CODEWITHSUNDEEP
pythonarraysnumpybroadcastdivide
jdough
jdough

Reputation: 25

How to divide an n-dimensional array by the first value from a dimension

Given an array of dimension N how do I divide all values in the array by the first value from a selected dimension?

Example code:

import numpy as np
A = np.random.randint(1, 10, size=(3,3,3))
B = A[:,:,0]
C = np.divide(A,B)
A
print()
B
print()
C
print()
C[:,:,0]

Output:

array([[[1, 8, 5],
        [3, 6, 5],
        [5, 4, 2]],

       [[6, 2, 9],
        [4, 2, 2],
        [5, 6, 8]],

       [[3, 3, 1],
        [2, 7, 7],
        [6, 4, 6]]])


array([[1, 3, 5],
       [6, 4, 5],
       [3, 2, 6]])


array([[[1.        , 2.66666667, 1.        ],
        [0.5       , 1.5       , 1.        ],
        [1.66666667, 2.        , 0.33333333]],

       [[6.        , 0.66666667, 1.8       ],
        [0.66666667, 0.5       , 0.4       ],
        [1.66666667, 3.        , 1.33333333]],

       [[3.        , 1.        , 0.2       ],
        [0.33333333, 1.75      , 1.4       ],
        [2.        , 2.        , 1.        ]]])


array([[1.        , 0.5       , 1.66666667],
       [6.        , 0.66666667, 1.66666667],
       [3.        , 0.33333333, 2.        ]])

I was expecting the final output from C[:,:,0] to be all 1's.
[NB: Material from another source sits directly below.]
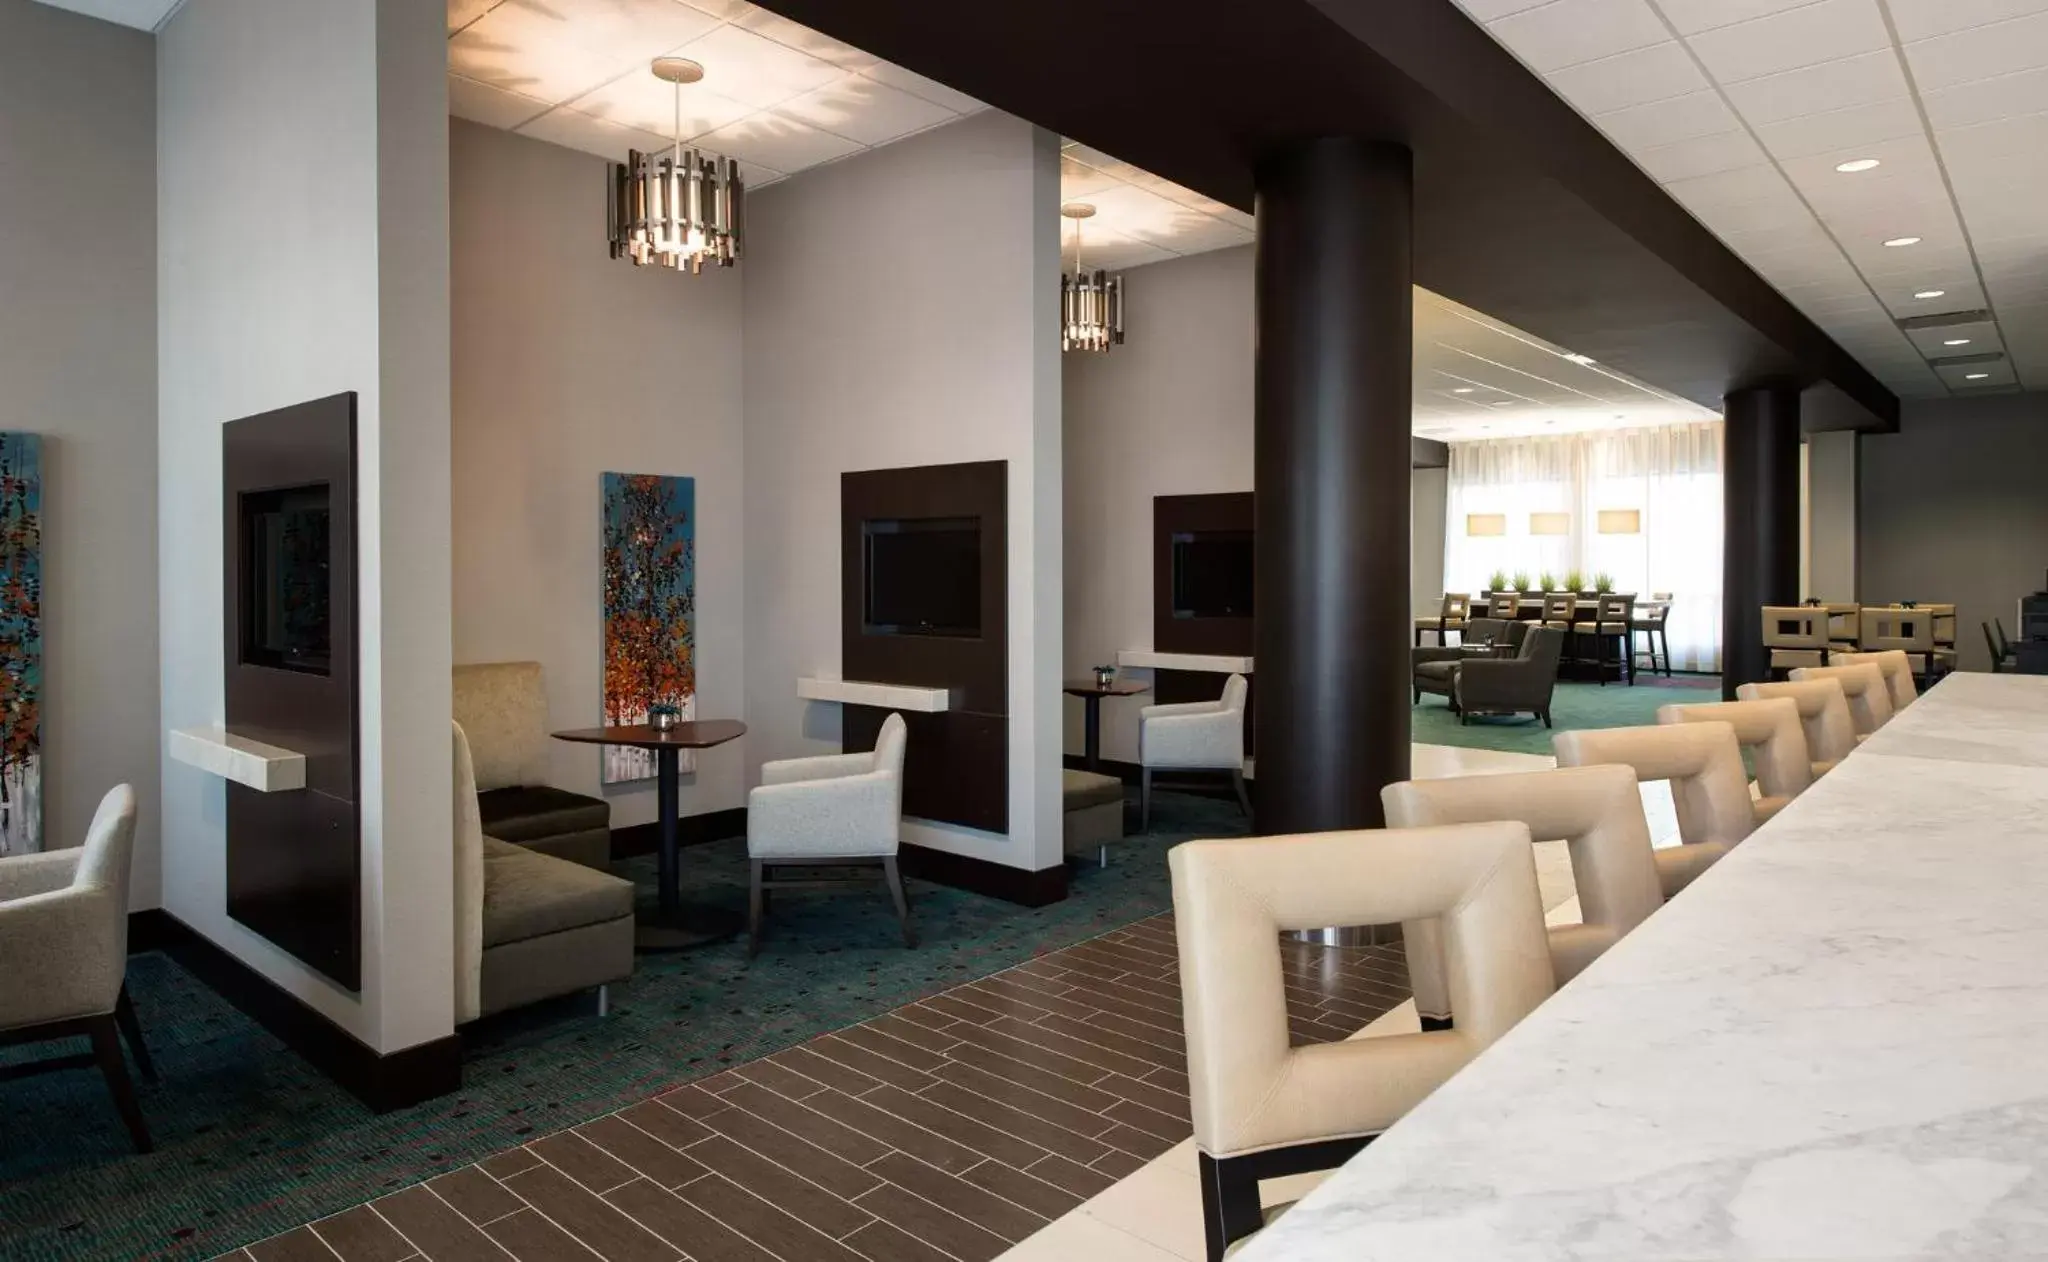 Other in Residence Inn by Marriott Calgary South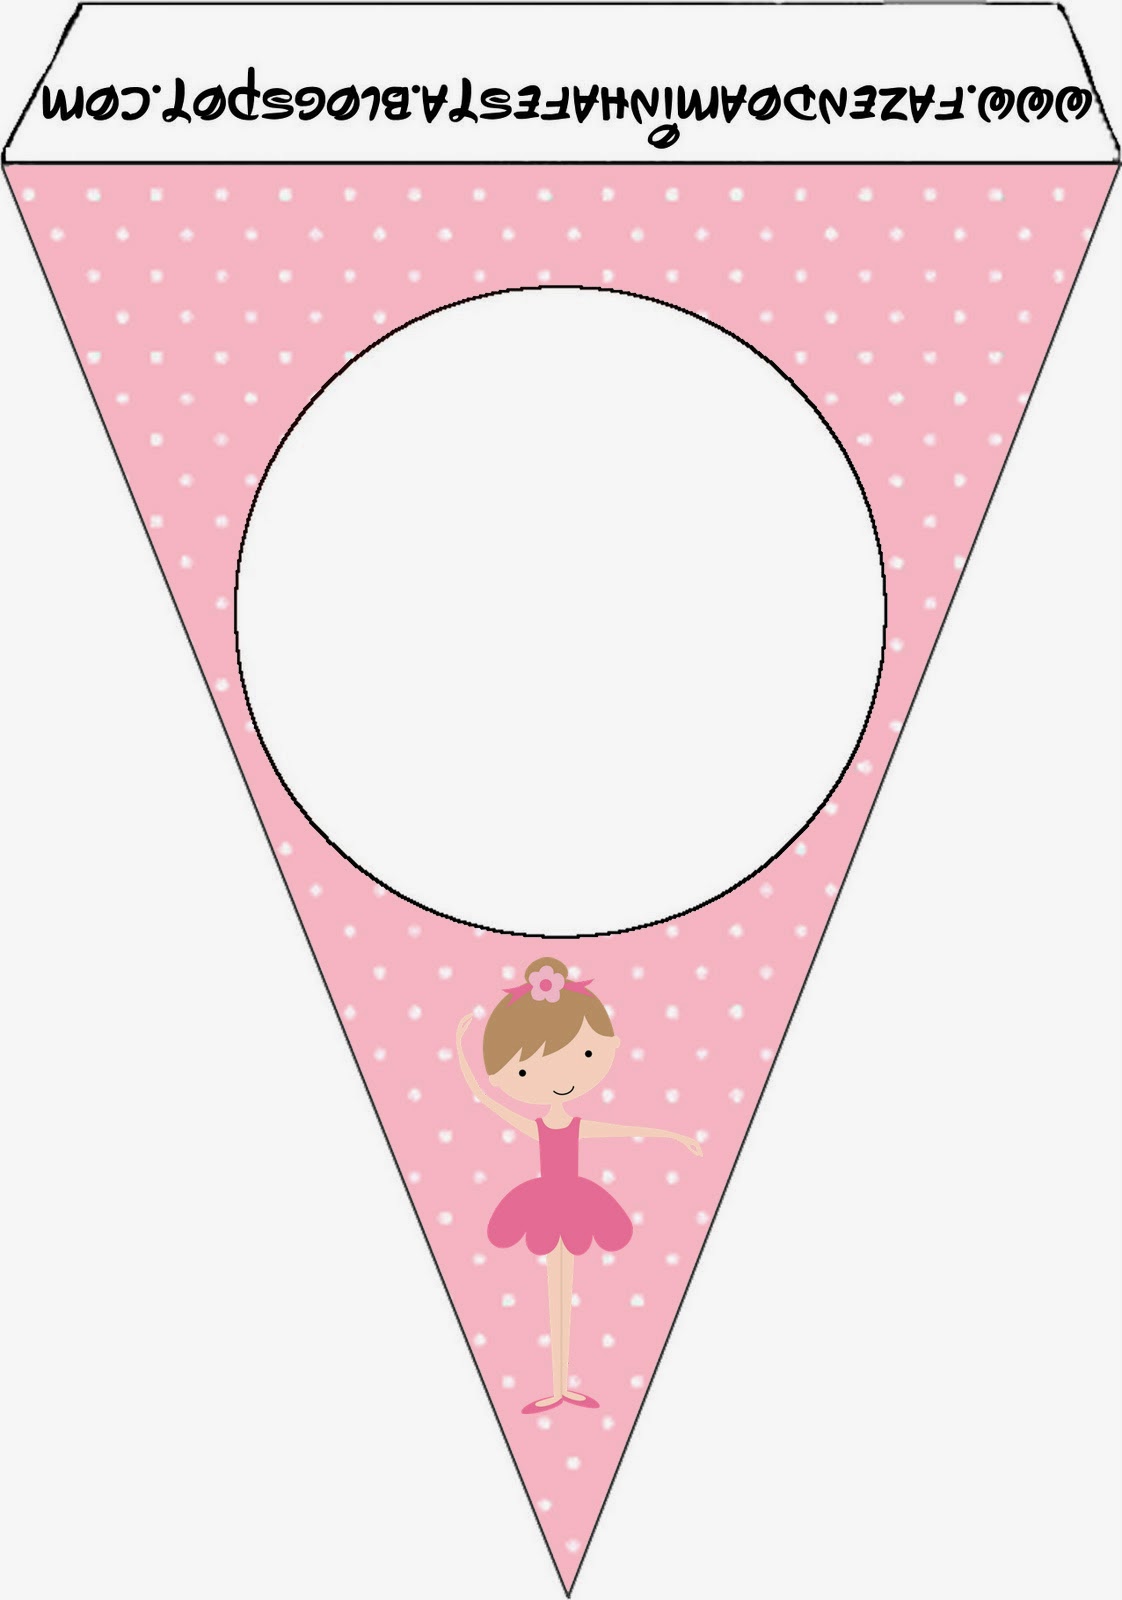 Pretty Free Party Printables. - Oh My Fiesta! in english

I guess it has to do with the broadcasting of B but I don't think I understand why it isn't broadcasting B into a shape (3,3,3) where it is replicated along dimension 2.

Upvotes: 1

Views: 467

Answers (2)

Sayandip Dutta
Sayandip Dutta

Reputation: 15872

You need to reshape B such that it aligns with A[:,:,0]:

>>> A
array([[[1, 8, 5],
        [3, 6, 5],
        [5, 4, 2]],

       [[6, 2, 9],
        [4, 2, 2],
        [5, 6, 8]],

       [[3, 3, 1],
        [2, 7, 7],
        [6, 4, 6]]])

>>> B = A[:, :, 0]
>>> B
array([[1, 3, 5],
       [6, 4, 5],
       [3, 2, 6]])

# And you need to reorient B as:

>>> B.T[None,:].T
array([[[1],
        [3],
        [5]],

       [[6],
        [4],
        [5]],

       [[3],
        [2],
        [6]]])

>>> A / B.T[None,:].T
array([[[1.        , 8.        , 5.        ],
        [1.        , 2.        , 1.66666667],
        [1.        , 0.8       , 0.4       ]],

       [[1.        , 0.33333333, 1.5       ],
        [1.        , 0.5       , 0.5       ],
        [1.        , 1.2       , 1.6       ]],

       [[1.        , 1.        , 0.33333333],
        [1.        , 3.5       , 3.5       ],
        [1.        , 0.66666667, 1.        ]]])

Upvotes: 1

Mark
Mark

Reputation: 92440

To get your expected results you could reshape your B array to:

B = A[:,:,0].reshape(3,-1, 1)

Then when you divide you will get a result like:

array([[[1.        , 0.11111111, 0.11111111],
        [1.        , 0.25      , 0.5       ],
        [1.        , 0.88888889, 0.44444444]],

       [[1.        , 0.88888889, 1.        ],
        [1.        , 1.8       , 1.6       ],
        [1.        , 4.5       , 0.5       ]],

       [[1.        , 0.66666667, 0.5       ],
        [1.        , 1.125     , 0.75      ],
        [1.        , 0.5       , 2.25      ]]])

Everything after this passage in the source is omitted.